On Feb. 13, 2023, a cosmic bullet of sorts zipped beneath the Mediterranean Sea near Sicily. It was a subatomic particle known as a neutrino, traveling through the depths at virtually the speed of light and carrying a whopping 220 petavolts of energy. Its presence was detected by a new underwater observatory known as the Kilometer Cube Neutrino Telescope, or KM3NeT.

As a study in the journal Nature noted last year, the neutrino was more than 100,000 times as energetic as any particle ever produced in colliders on Earth, and more energetic than astrophysicists can easily explain based on the part of the sky the neutrinos came from. But astrophysicists are trying, and some have proposed a truly ambitious explanation: This cosmic bullet came from an exploding black hole, an object so dense that not even light can escape its gravity.

In 1974, the theoretical physicist Stephen Hawking calculated that black holes leak and eventually explode, releasing energy that had been entombed for centuries in a sort of mini-replica of the Big Bang.
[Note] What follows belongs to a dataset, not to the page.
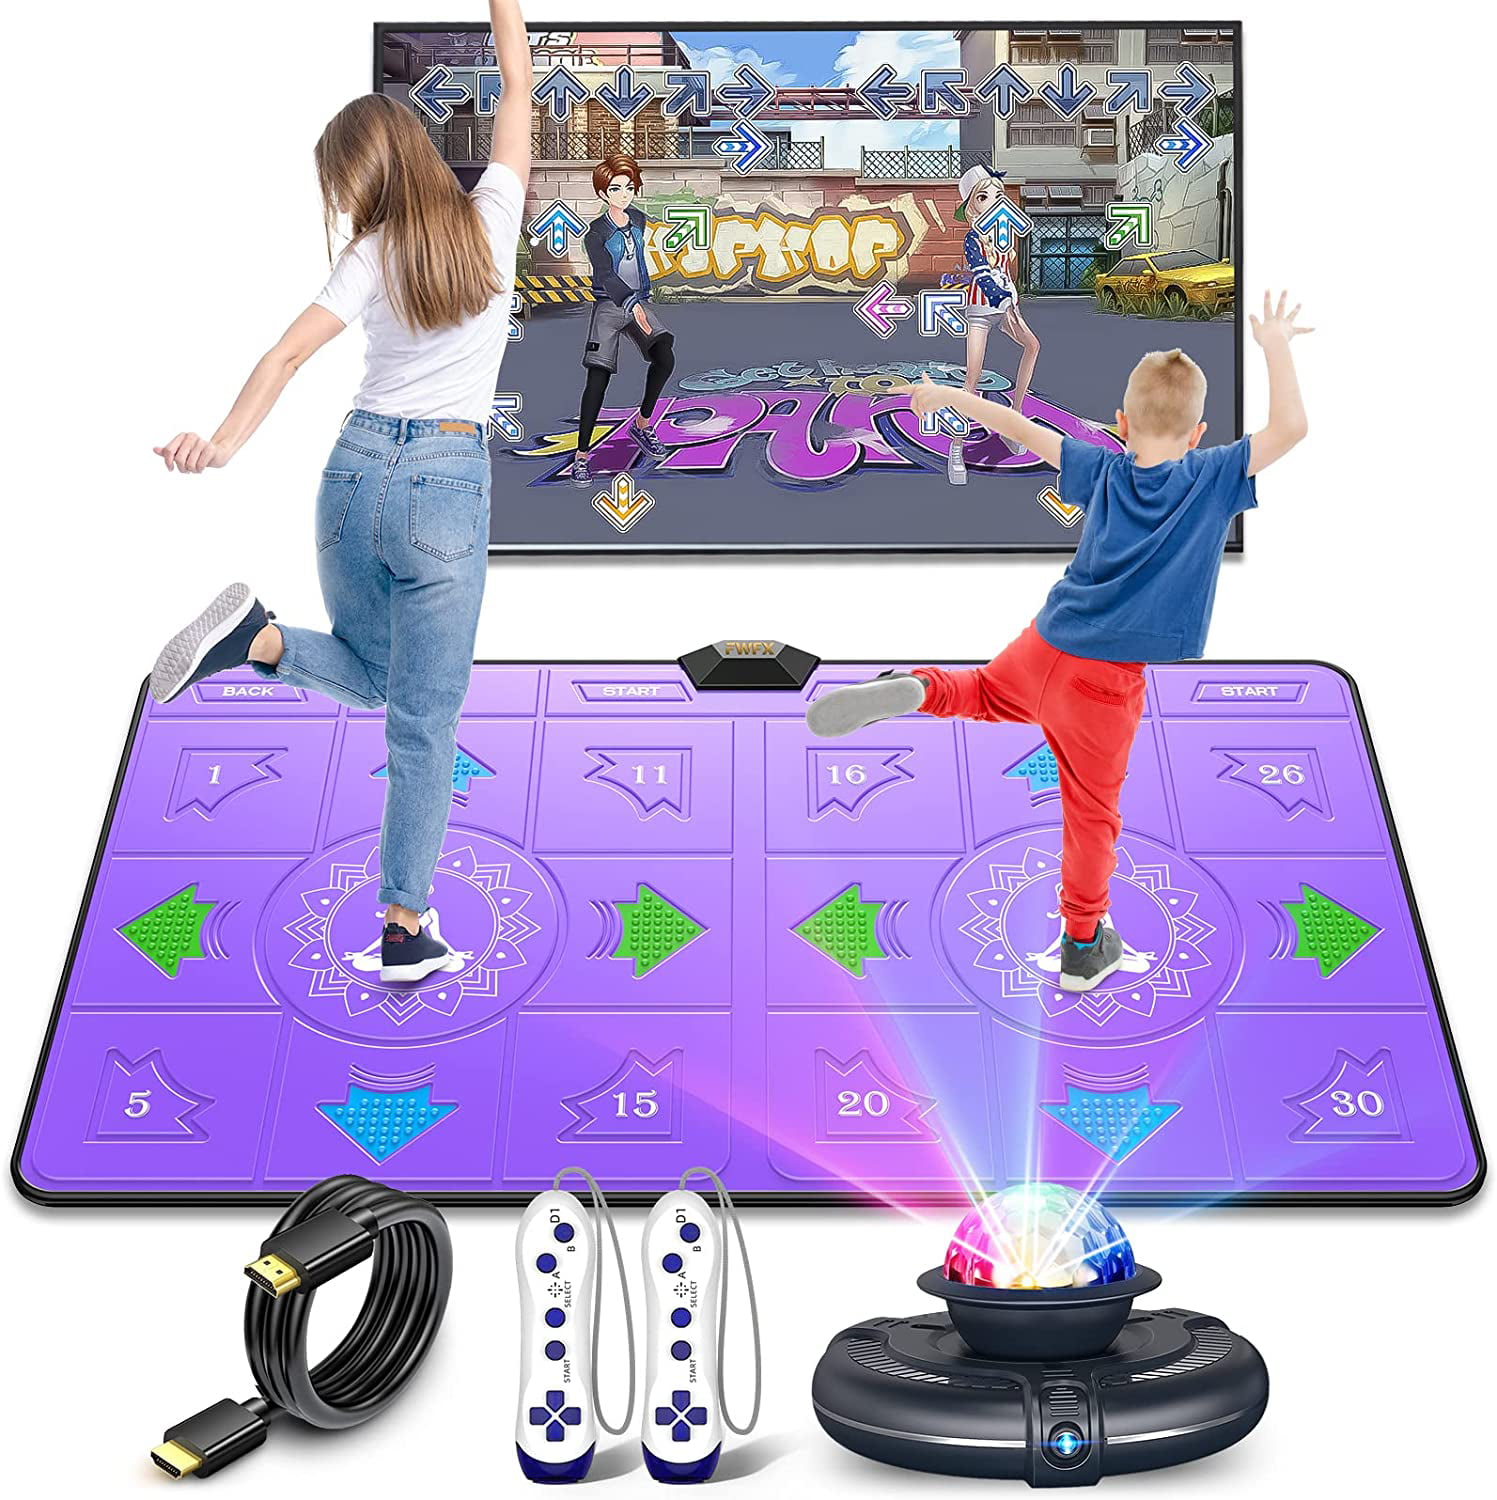 Musical Dancing Toys with 5 Game Modes Electronic Dancing Pad with LED Lights VVVIKU Dance Mat Anti-Slip Step Play Mat with Build-in Music Birthday Gifts Toys for Girls Boys Kids Age 3+

But no one has ever seen it happen.

Hawking also suggested that a variety of smaller black holes could have formed during the actual Big Bang. Scattered throughout space, such black holes might constitute some or all of the mysterious dark matter that makes up most of the material universe, some astronomers say.

According to calculations by Hawking and Bernard Carr, his assistant at the time who is now at Queen Mary University of London, some of those primordial black holes — about the size of a pinprick but as massive as an asteroid — should be exploding right about now (if they exist). Observing such an explosion would confirm Hawking’s hypothesis. It could also reveal new forms of matter and energy, and offer fresh clues as to the origin of space and time.

That’s a lot to hang on the testimony of a single subatomic particle. Among other shortcomings, the new underwater array is still not good at determining the directions from which the neutrinos come, said Erik K. Blaufuss, a research scientist at the University of Maryland, in an accompanying article in Nature. So other explanations, such as quasars obscured by dust, could arise.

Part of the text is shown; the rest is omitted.